Heard both sides. Case files perused.
2. We come to assessee's appeal ITA No.3158/Ahd/2015. It raises two substantive grounds therein. The first one seeks to reverse both the lower authorities' action invoking Section 14A r.w. Rule 8D disallowance of Rs.3,18,172/-. We notice at the outset that both the lower authorities follow their respective findings right from assessment year 2008-09 to 2011-12 in order to compute the impugned disallowance under the newly introduced computation provision i.e. Rule 8D of the Income Tax Rules. Case records reveal that the assessee's appeals against the said corresponding disallowance stand accepted on 08.04.2016 and 14.09.2017. It has come on record that the said co-ordinate benches have deleted identical disallowances in earlier assessment years. We therefore follow consistency to delete the impugned disallowance for want of an appropriate satisfaction u/s.14A(2) of the Act. The assessee's former substantive ground succeeds.
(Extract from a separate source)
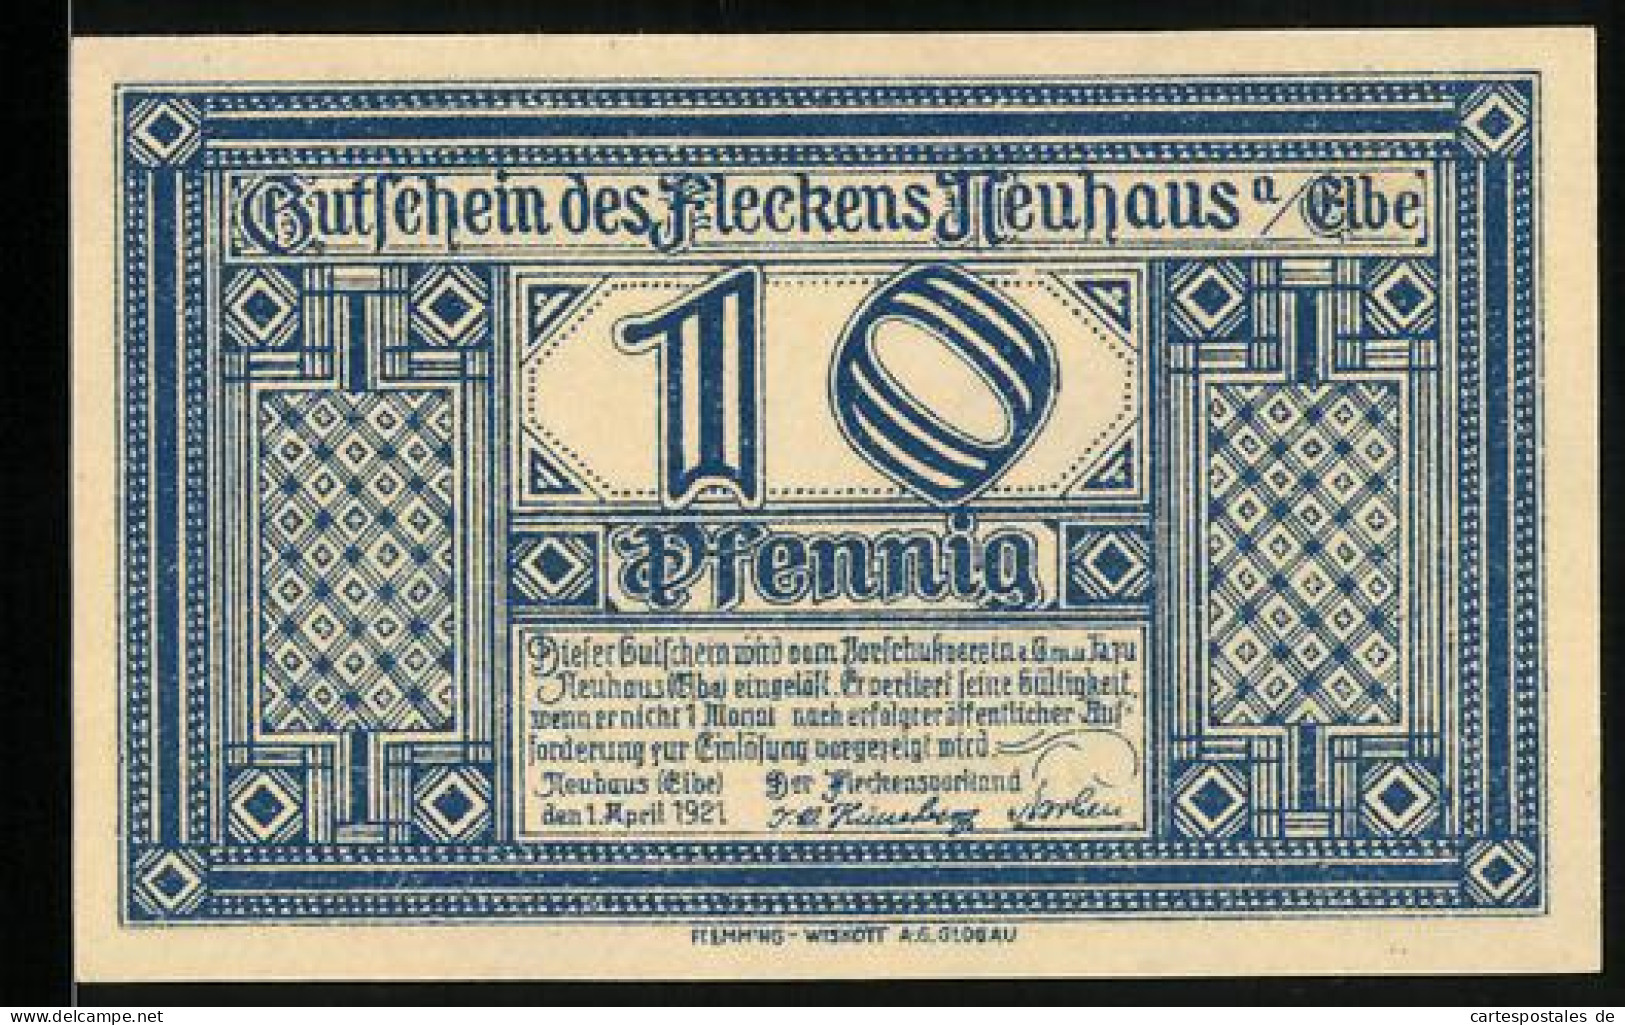 Notgeld Neuhaus A. Elbe 1921, 10 Pfennig, Geburtshaus Des Afrikaforschers Dr. Karl Peters  - [11] Emissions Locales

3. The assessee's second substantive ground as well as Revenue's first substantive grievance arises against the CIT(A)'s findings affirming Section 40(A)(2)(b) disallowance of Rs.4,18,05,272/- as upheld to the tune of Rs.1,56,81,564/- in lower appellate proceedings as follows:
"5.2 I have considered the assessment order and the submissions made by the appellant. The AO noted that during the year under consideration, the MD of the appellant company Shri K.H. Javeri received remuneration amounting to Rs.4,52,51,059/- and the Executive Director Shri Abhishek K. Javeri received Rs.1,62,94,505/- as remuneration. It has been noted by the AO that there was five-fold increase in remuneration to Shri K.H. Javeri over 7 to 8 years and an increase of 36 times to Shri Abhishek K. Javeri in a period of 5 to 6 years. A perusal of the submission made by the appellant shows that the appellant has reiterated the submissions made during the assessment proceedings that the ITA Nos. 3158 & 3340/Ahd/15 [Patel Alloy Steel Pvt. Ltd.] AY: 2012-13 -3- increase in remuneration was decided by the Board of Directors. The appellant has not made out any case or submitted any evidence to show that there was any improvement or alteration in the services rendered by the directors towards the company. There has not been any substantial increase in the turnover of the company during the year under consideration either.
It is seen that the A.O has disallowed directors' remuneration as per the provisions of sec.40A(2) of the I.T. Act. The provisions of sec.40A start with non obstante clause and have overriding effect over the provisions of any other section of Income-tax Act, 1961. The Hon'ble Gujarat High court in CIT vs Bharat Vijay Mills Ltd. (1988) 128 ITR 633 (Guj.) has held that provisions of sec.40A have been declared to be of an overriding nature. The non obstante clause at the beginning of sec.40A(l) clearly indicates that if any other provisions exist somewhere on the statute book, they have to give way to clear the express provisions of Section 40A.
5.2.1 In view of the overriding provisions of sec.40A(2)(a), the payment of remuneration may be authorized by the deed of partnership, may also be in accordance with the terms of deed, and may further be within the ceiling limit as fixed by cl.v of section 40(b), in respect of aggregate amount of remuneration payable to the partners. If the amount of remuneration paid to a particular partner(or partners) is excessive or unreasonable or, looking to the legitimate needs to the business of the assessee firm or the benefit derived by the firm, the same is unfair, the A.O. may allow a remuneration only to the extent it is reasonable and not excessive in his opinion.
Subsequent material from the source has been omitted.